Num universo onde os desafios da saúde materna ainda são imensos, existem profissionais que os enfrentam com compaixão. A Dra. Ilda Maneira é uma dessas vozes. Enfermeira especialista em obstetrícia, ginecologia e lactação humana, soma mais de 17 anos de carreira entre Portugal e Angola. Na Clínica General Katondo, onde coordena o Departamento de Ginecologia e Obstetrícia, Dra. Ilda dá assistência à gestantes, recém-nascidos e puérperas.
Acompanhe a entrevista!
FPE- O que a motivou a escolher a obstetrícia como especialidade na área da saúde?
IL: Escolhi a obstetrícia porque sempre senti um chamado muito íntimo para estar junto da mulher nos seus processos de maior vulnerabilidade e força. O imenso privilégio de poder acompanhar a gestação, o parto e o pós-parto de uma mulher, de assistir à construção de um novo vínculo entre mãe e filho, é algo que me move.
FPE- Defina a obstetrícia em uma só palavra? Justifique a resposta.
IL: Transformação. A obstetrícia é, na sua essência, um campo que lida com a transformação em múltiplas dimensões: biológica, emocional, social e espiritual.
FTE- Existe alguma fase da gestação com a qual gosta mais de trabalhar? Por quê?
IL: Sim, o puerpério imediato (pós-parto), sem dúvidas. É neste momento que o vínculo entre mãe e bebé se fortalece ou se fragiliza, que a amamentação se inicia, e que a mulher começa a conhecer-se novamente. A mulher tende a sentir-se abandonada, pois durante nove meses foi o centro das atenções, e subitamente todas as atenções voltam-se exclusivamente para o bebé e a mulher deixa de ser vista.
FPE- Quais são os maiores desafios que tem enfrentado na realização do trabalho?
IL: Um dos maiores desafios é, sem dúvida, a escassez de recursos humanos e a ausência de formação continuada especializada em muitas instituições de saúde. A obstetrícia exige conhecimento técnico actualizado, sensibilidade ética e acima de tudo humanidade.
FPE- Já agora, como a Dra. Ilda vê o papel da obstetrícia na luta contra a mortalidade materna?
IL: A obstetrícia é uma das linhas de frente na luta contra a mortalidade materna. É através dela que conseguimos identificar precocemente factores de risco, intervir de forma preventiva e garantir uma assistência baseada na evidência científica. Mas a obstetrícia precisa ser exercida com humanidade.
FPE- O que poderia ser feito para melhorar o atendimento às gestantes?
IL: O primeiro passo é reconhecer que a violência obstétrica existe, é sistémica e tem raízes estruturais profundas. Para inverter este quadro, é fundamental investir na formação ética e técnica dos profissionais, promover a escuta activa, e, acima de tudo, aumentar o número de profissionais de saúde disponíveis.
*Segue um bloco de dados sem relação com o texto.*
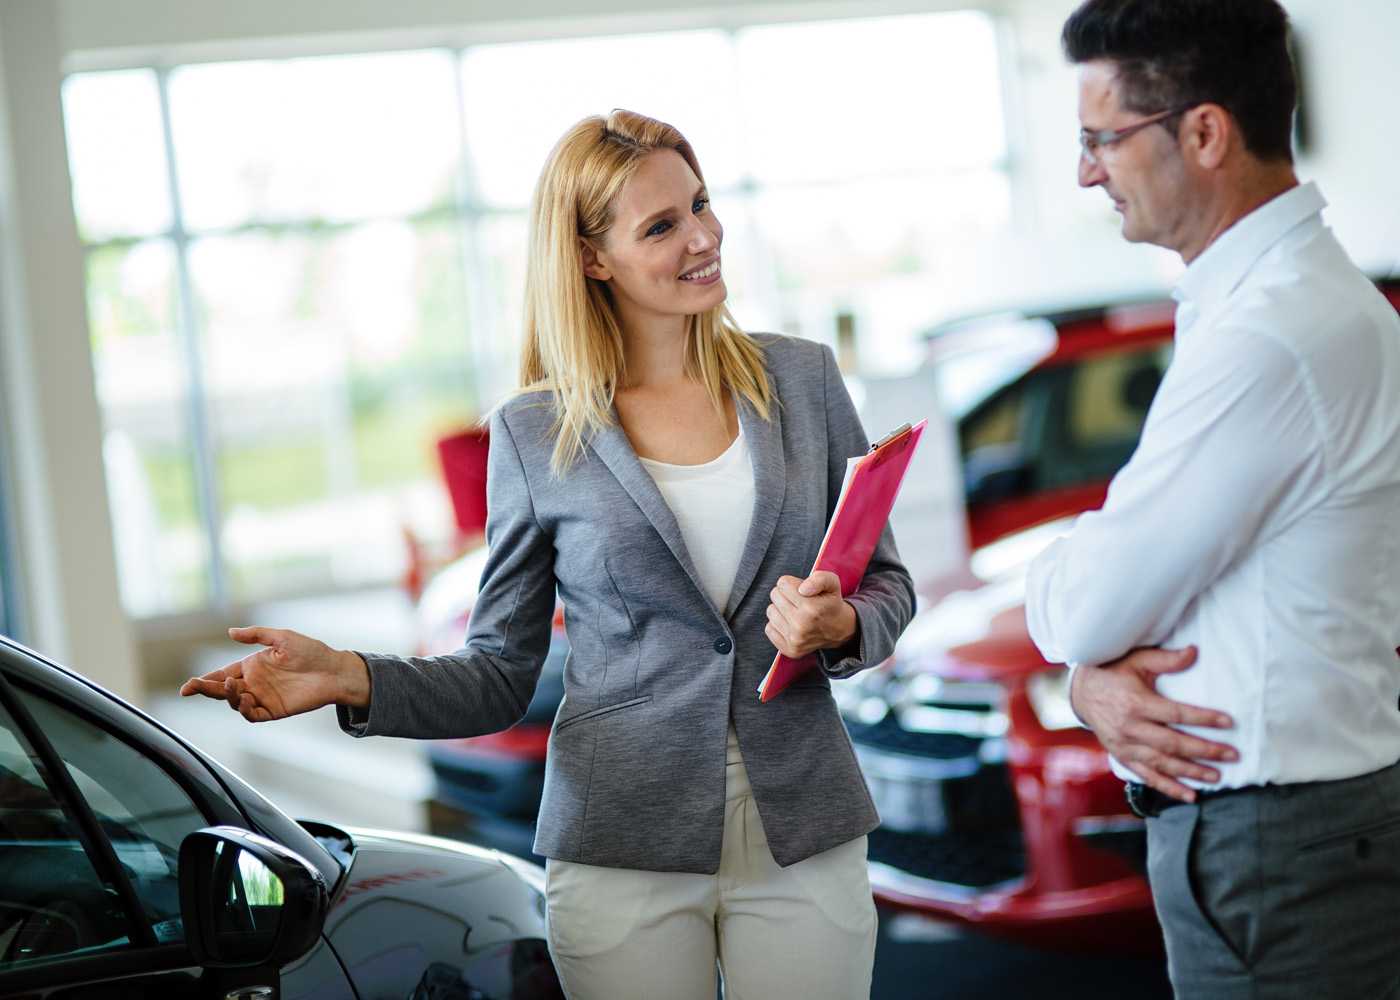 Women proud to work in transport sector despite macho culture

A sobrecarga leva ao esgotamento, e o esgotamento conduz à desumanização.
FTE- Existe algo que gostaria que todos os profissionais da obstetrícia levassem mais em conta no cuidado com as gestantes?
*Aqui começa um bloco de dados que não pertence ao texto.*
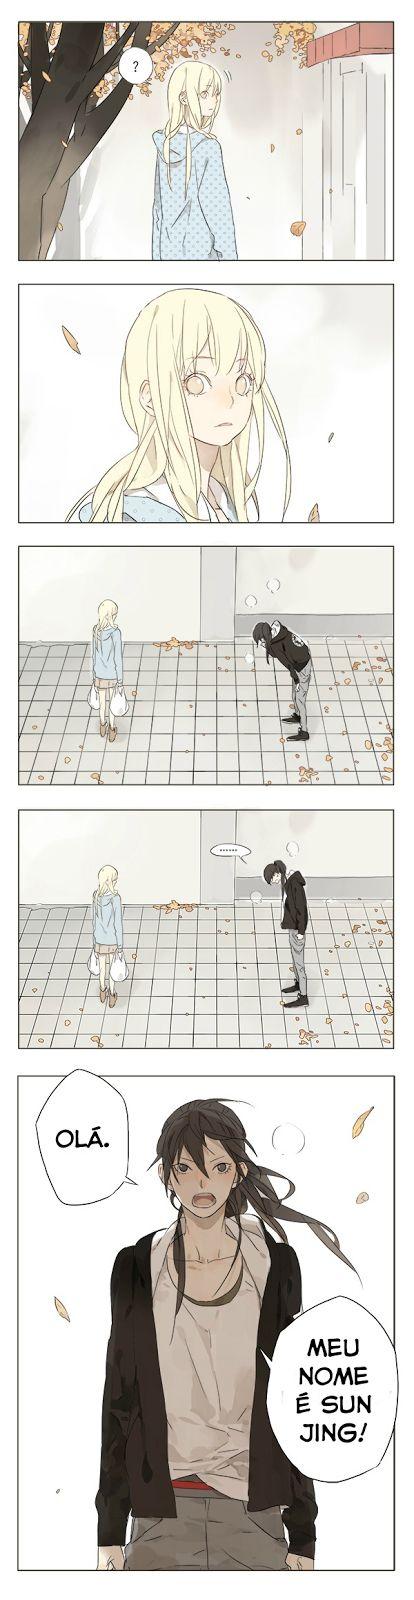 Armazém Yuri - Galeria de mangás: Tamen de Gushi - Capítulo 02

IL: Gostaria que cada profissional jamais esquecesse que está a cuidar de alguém que está a viver uma das experiências mais intensas da sua vida. A mulher que chega até nós não vem só com um corpo… vem com emoções, medos, vivências e expectativas. E aquilo que fazemos ou deixamos de fazer pode marcar para sempre a forma como ela vai lembrar o nascimento do seu filho.